## DATA

=== Section Start ===

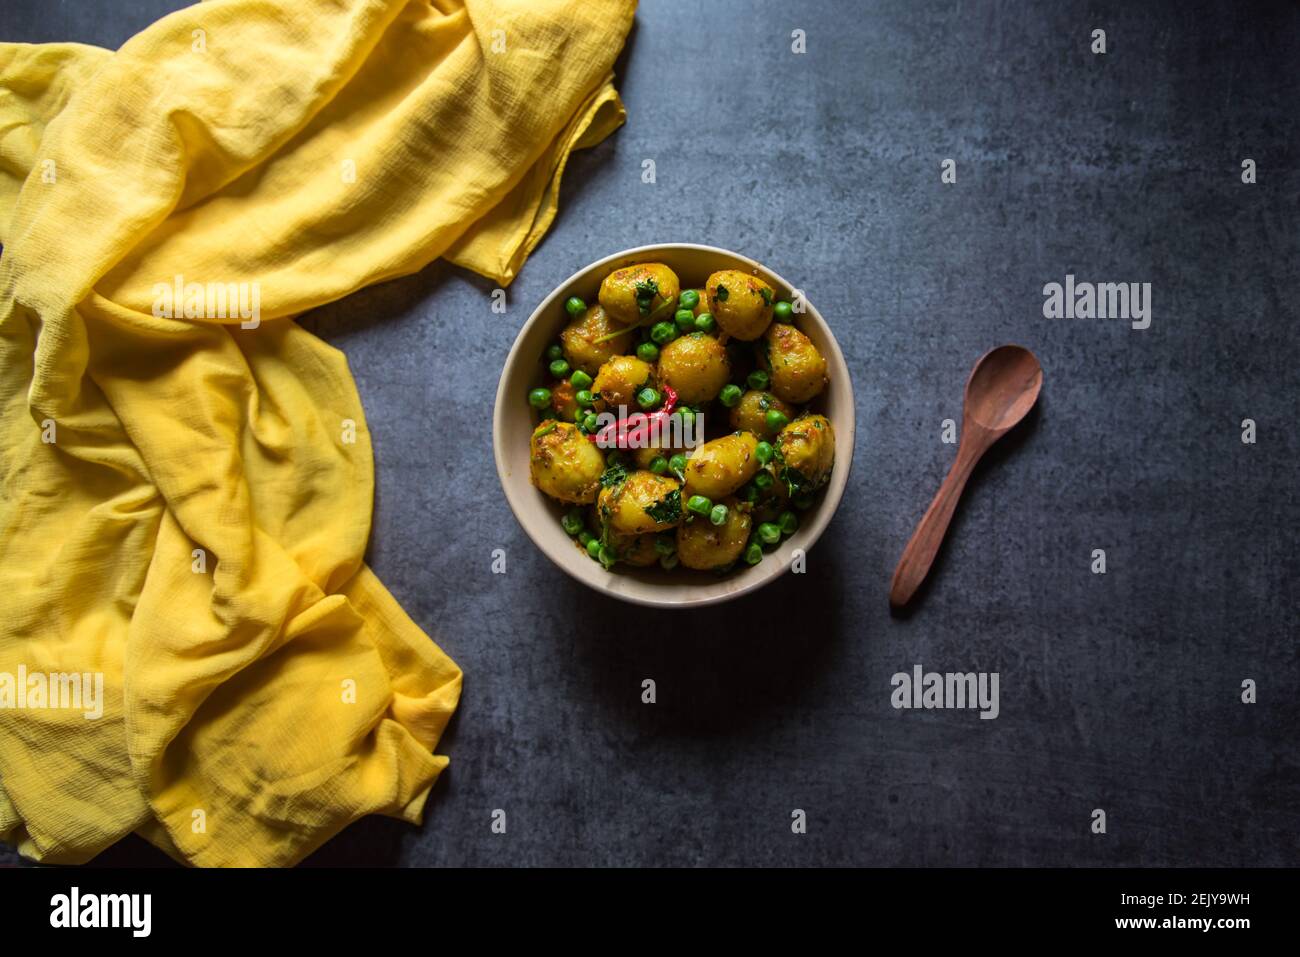 Indisches Lebensmittel Dum aloo oder Kartoffeln in einem langsamen Feuer in einer Schüssel gekocht. Stockfoto
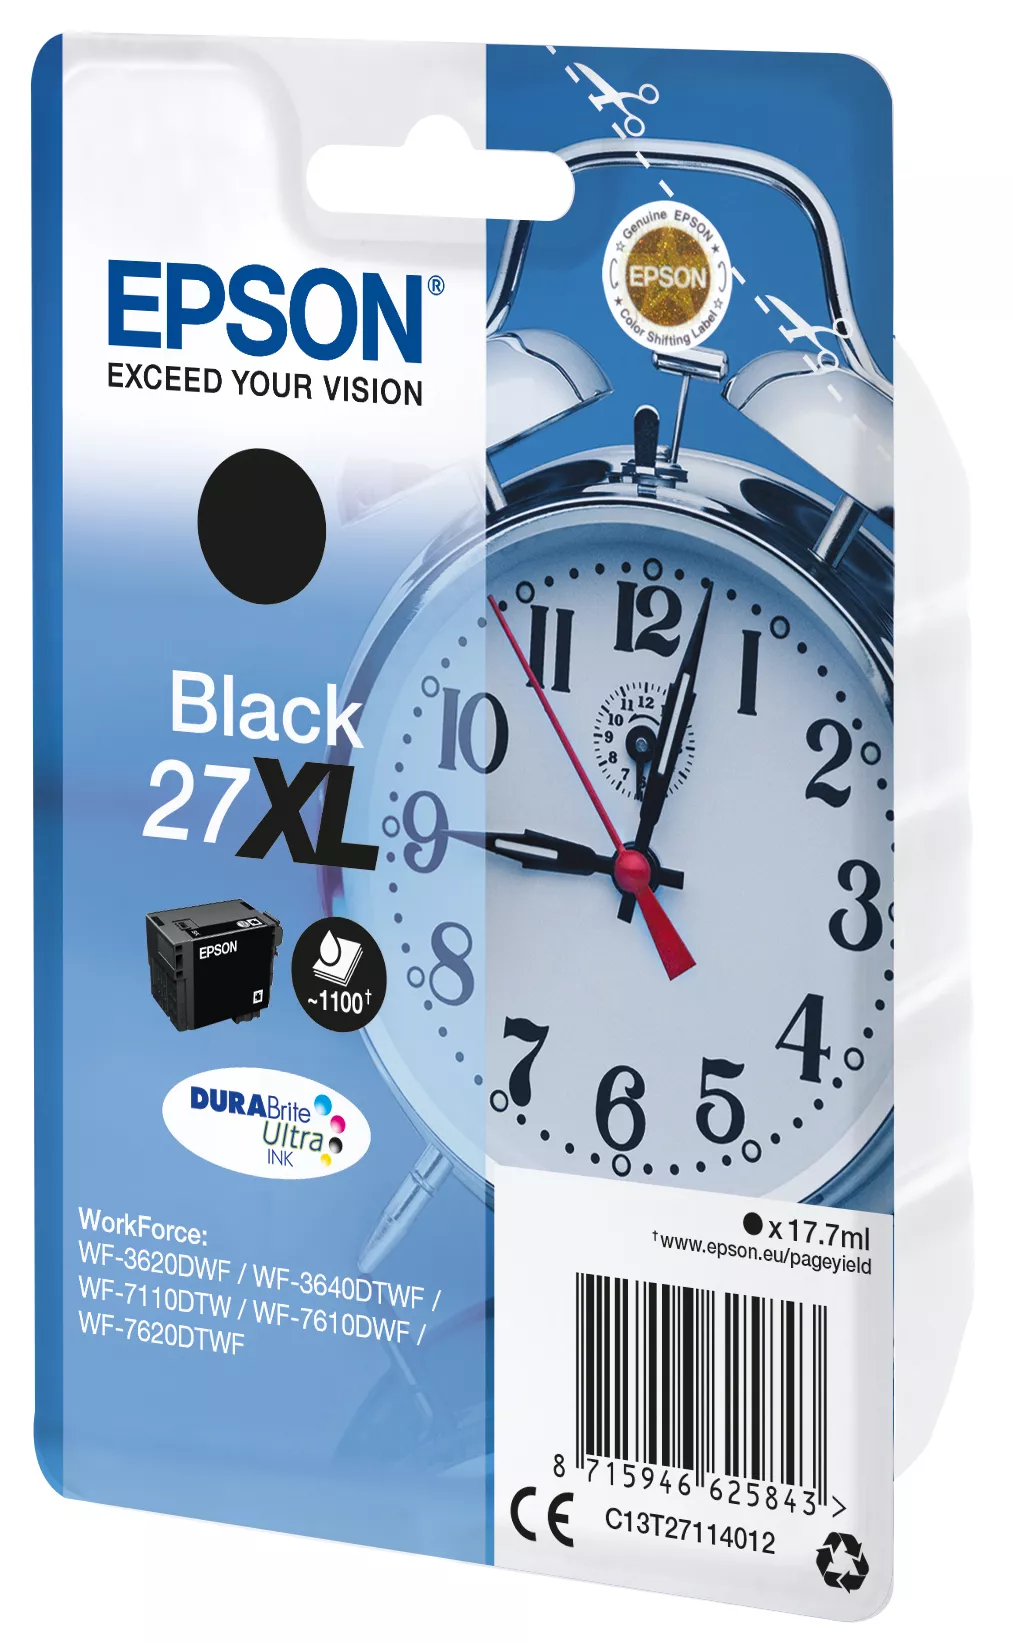 Vente EPSON 27XL cartouche d encre noir haute capacité Epson au meilleur prix - visuel 2
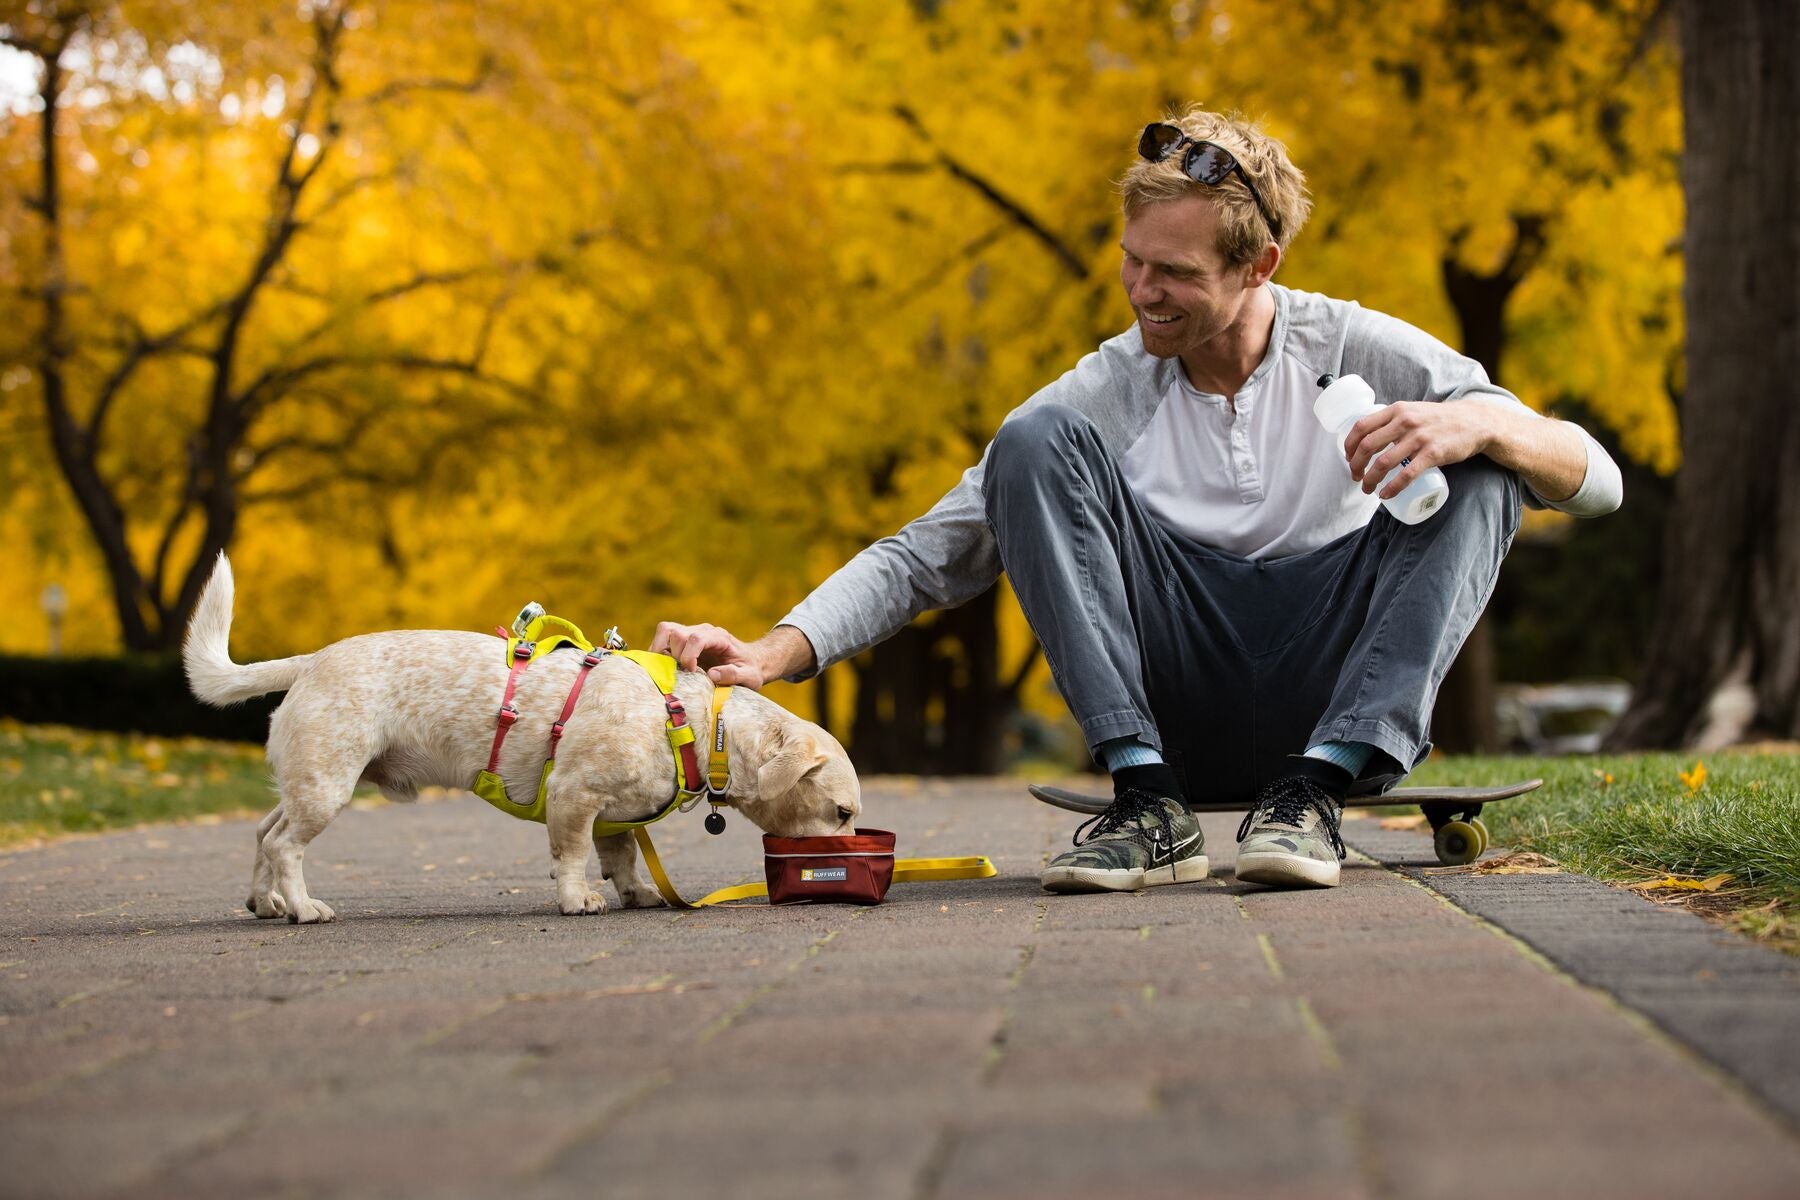 Man sitting on a skateboard feeding a small dog

=== Section End ===

## REQUIREMENT
Set down the whole listing word for word, omitting the pictures.

## EXERCISE ANSWER
 Indisches Lebensmittel Dum aloo oder Kartoffeln in einem langsamen Feuer in einer Schüssel gekocht. Stockfoto
 Vente EPSON 27XL cartouche d encre noir haute capacité Epson au meilleur prix - visuel 2
 Man sitting on a skateboard feeding a small dog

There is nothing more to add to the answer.